# To determine the specific heat of kerosene, a 200 g iron weight heated to 96 degrees was lowered into

**To determine the specific heat of kerosene, a 200 g iron weight heated to 96 degrees was lowered into a brass calorimeter weighing 0.12 kg containing 0.1 kg of kerosene at a temperature of 20 degrees. The kerosene temperature rose to 40 degrees. Determine the specific heat of kerosene.**

Let’s compose the heat balance equation, the amount of heat given off by the hot iron weight is equal to the amount of heat received by the kerosene and the calorimeter.

The formula for the amount of heat: Q = cm (t2 – t1)

Qzh = cgmg (tg – tc); Qzh – the heat was given off by an iron weight; cg = 460J / kg ∙ ⁰C – specific heat of iron; mg = 200g = 0.2kg – weight of the weight; t = 96⁰С – weight temperature; tc = 40⁰С – mixture temperature.
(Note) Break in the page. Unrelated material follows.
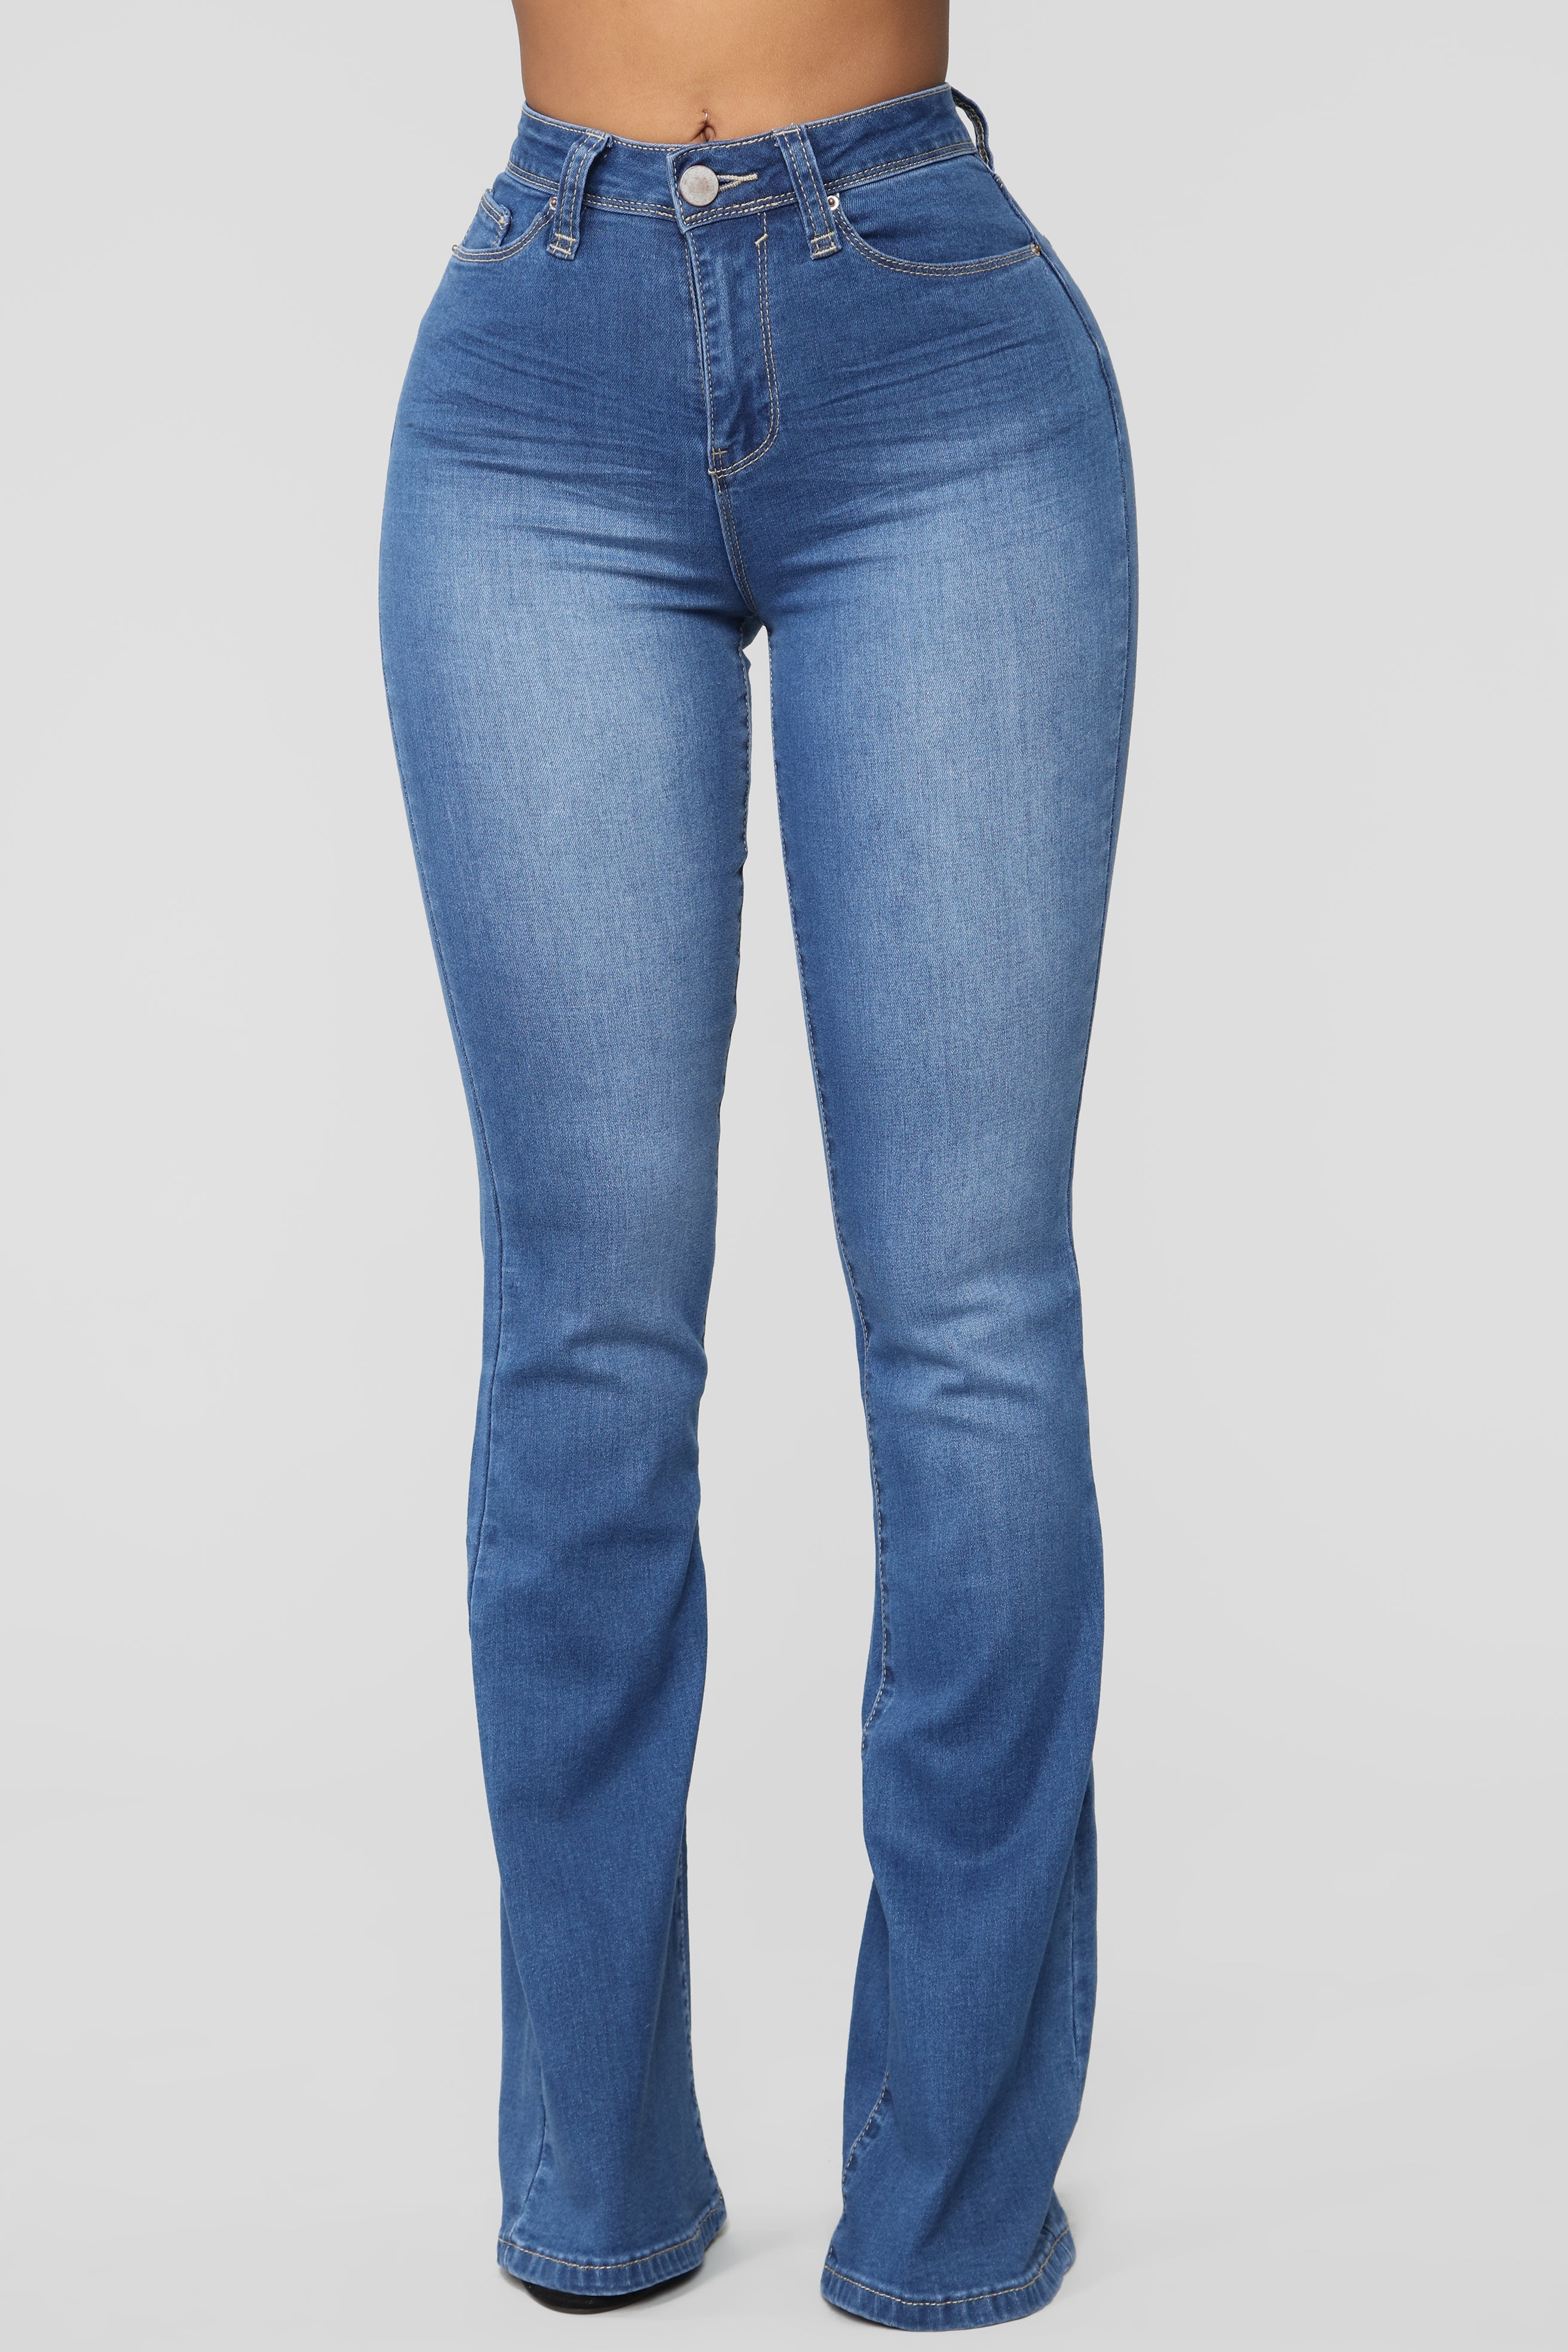 Jodie High Rise Flare Jeans - Medium Blue Wash – InsStreet

Qк = cкmк (tс – tк); Qк – heat received by kerosene; cк =? – specific heat capacity of kerosene; mk = 0.1kg is the mass of kerosene; tc = 40⁰С – mixture temperature; tк = 20⁰С – initial temperature of kerosene;

Ql = slml (tc – tk); Ql is the heat received by the calorimeter; cl = 400J / kg – specific heat capacity of brass; ml = 0.12 kg is the mass of the calorimeter; ; tc = 40⁰С – mixture temperature; tк = 20⁰С is the initial temperature of the calorimeter;

Heat balance equation: ccmc (tc – tc) + slml (tc – tc) = cgmg (tg – tc);

Let us express the specific heat capacity of kerosene: cc = (cgmg (tg – tc) – slml (tc – tc)) / mc (tc – tc);

cc = (460 * 0.2 * 56 – 400 * 0.12 * 20): (0.1 * 20) = 2096

Checking the units

([J / (kg ∙ ⁰C) ∙ kg ∙ ⁰C] – [J / (kg ∙ ⁰C) ∙ kg ∙ ⁰C]): [kg ∙ ⁰C] = [J / (kg ∙ ⁰C)].